§ DATA PROVIDED
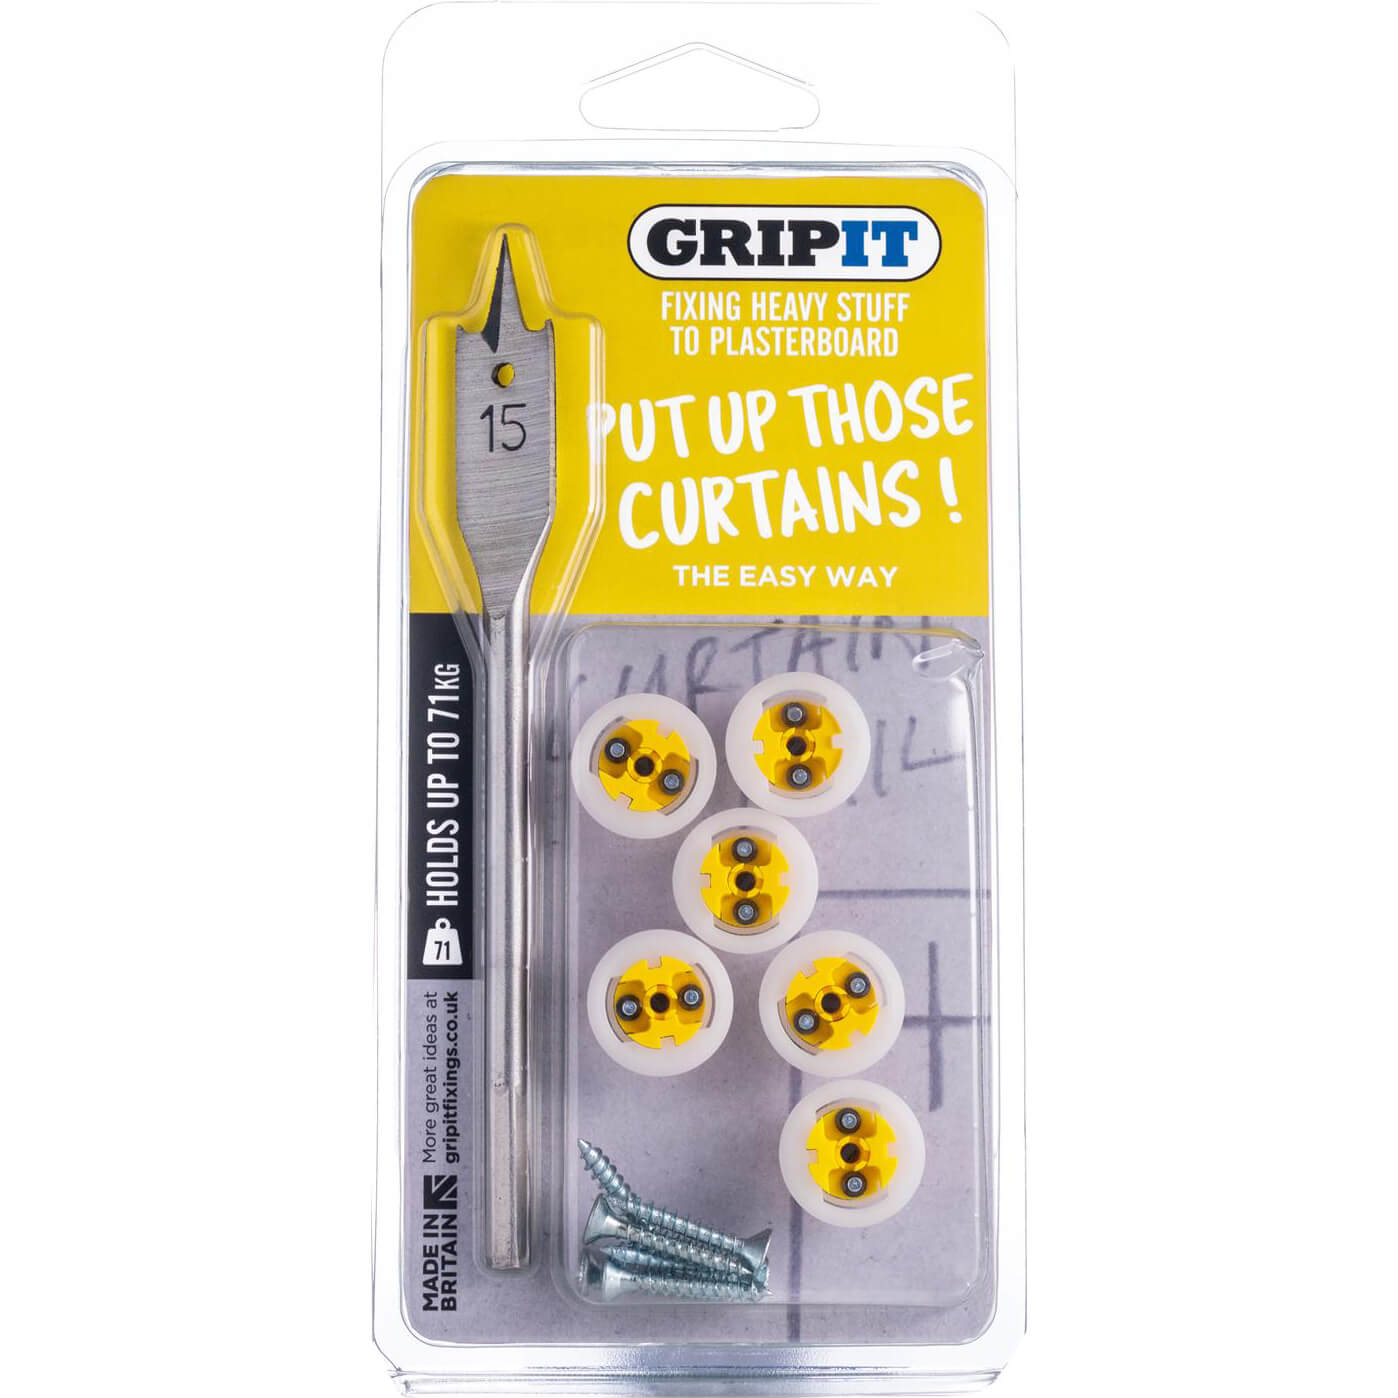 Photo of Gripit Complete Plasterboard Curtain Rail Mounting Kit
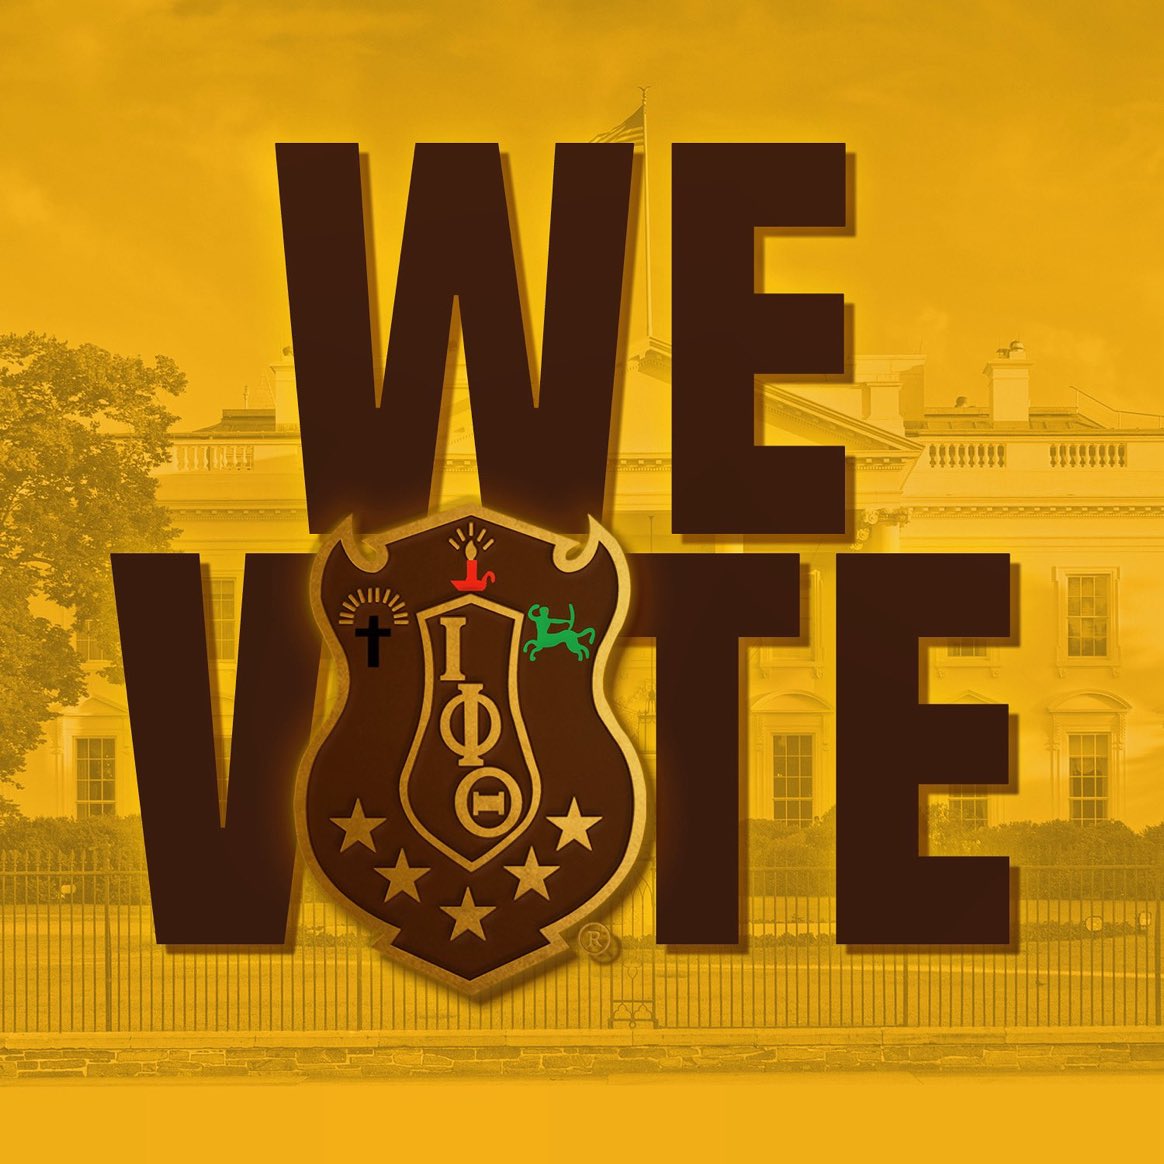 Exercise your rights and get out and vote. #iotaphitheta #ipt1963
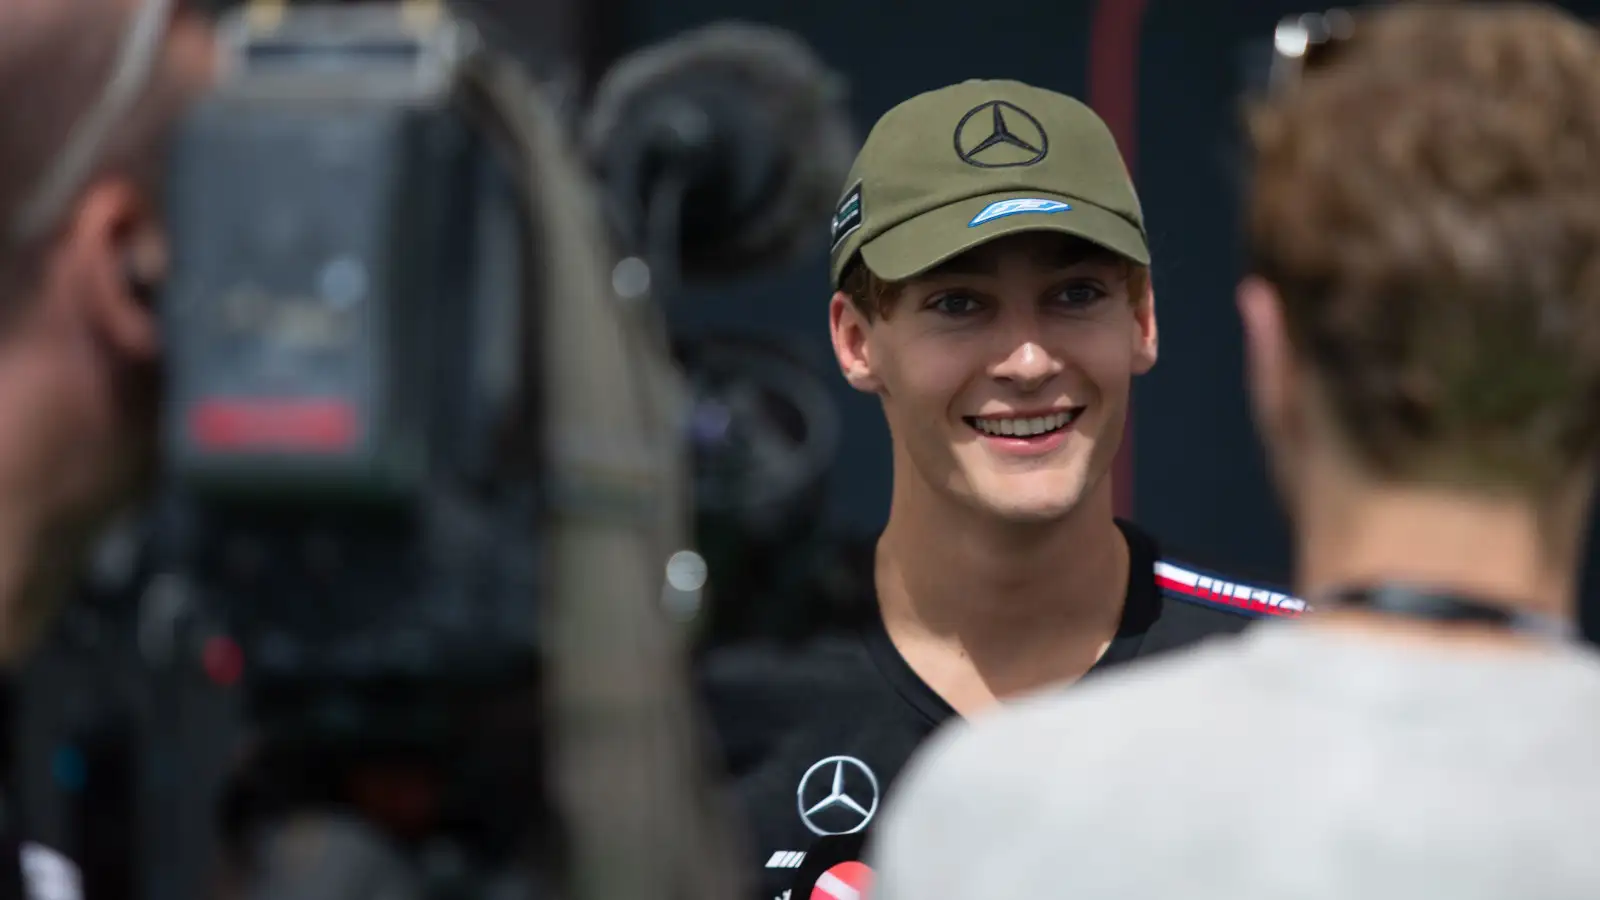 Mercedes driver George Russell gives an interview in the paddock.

...

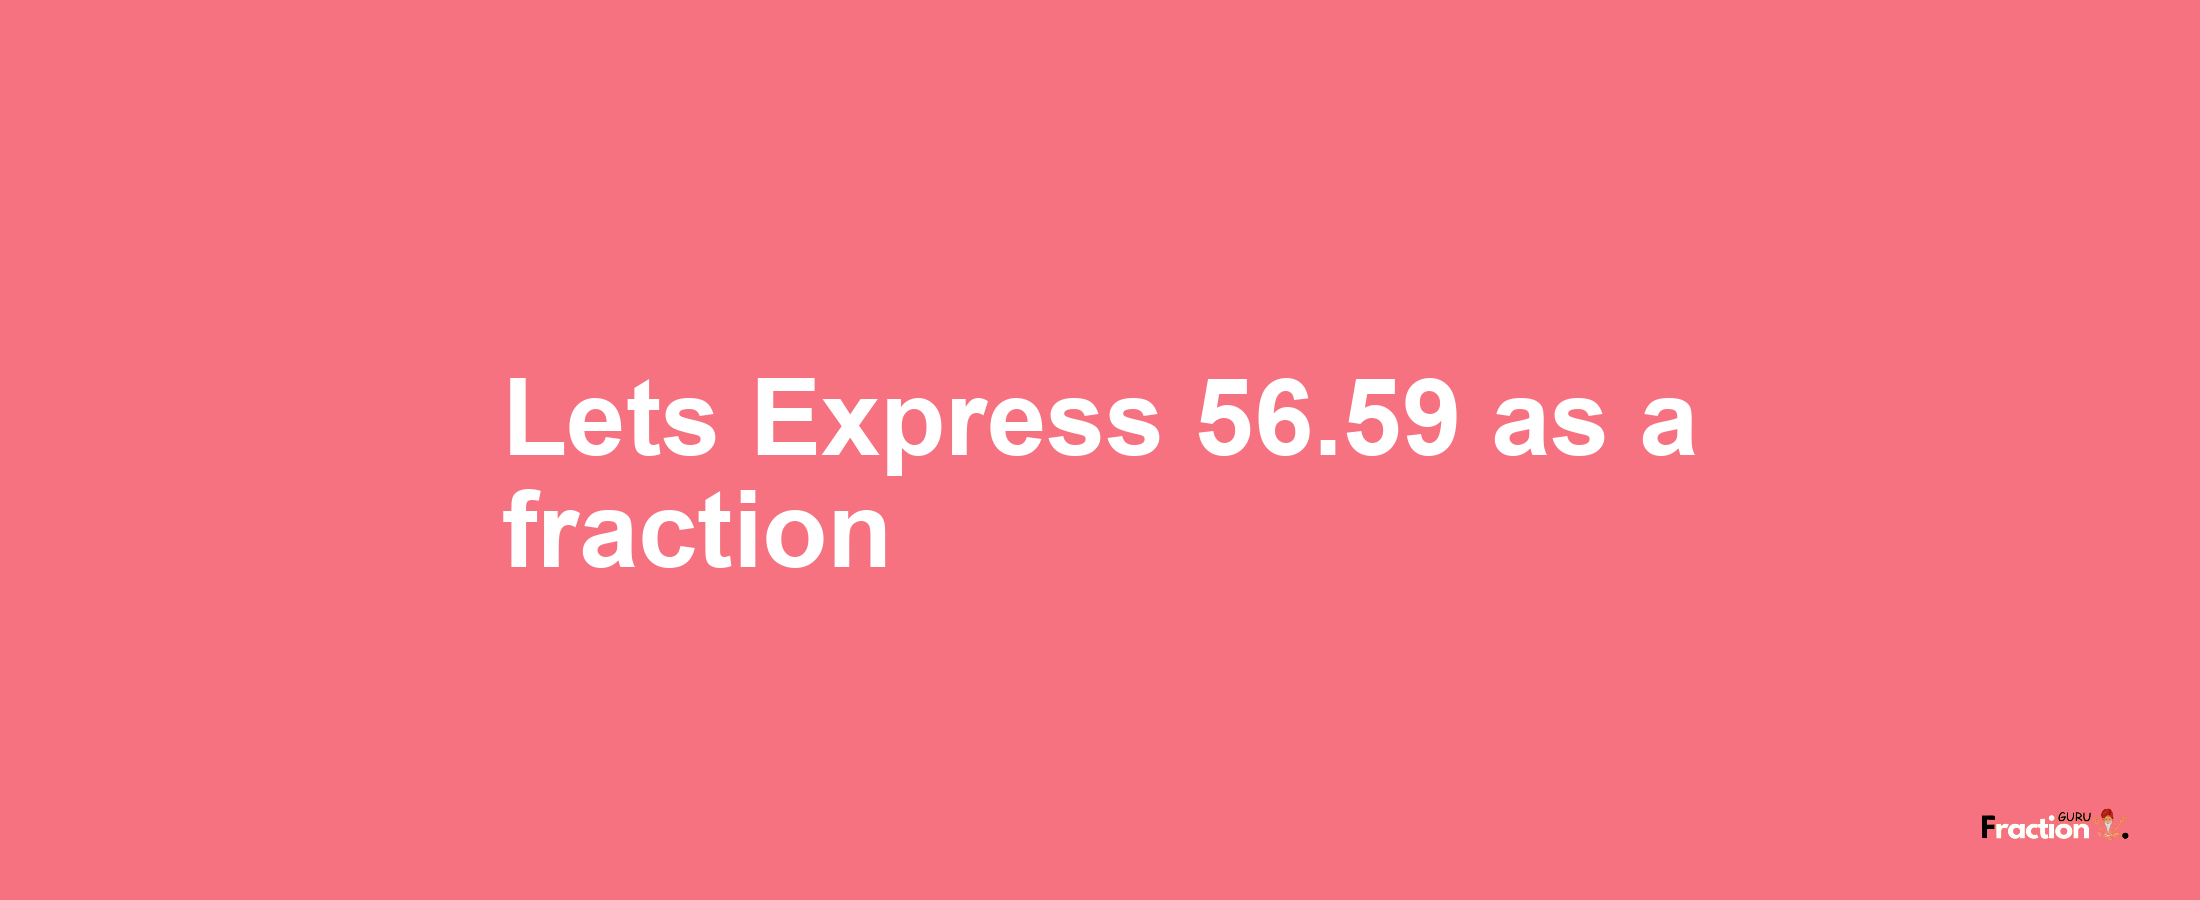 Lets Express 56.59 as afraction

§ INSTRUCTIONS TO FOLLOW
Range to copy from the listing above: the line with "Photo of Gripit" through the line with "Mercedes driver George". Transcribe it exactly and skip the pictures.

§ EXERCISE RESPONSE
 Photo of Gripit Complete Plasterboard Curtain Rail Mounting Kit
 Exercise your rights and get out and vote. #iotaphitheta #ipt1963
 Mercedes driver George Russell gives an interview in the paddock.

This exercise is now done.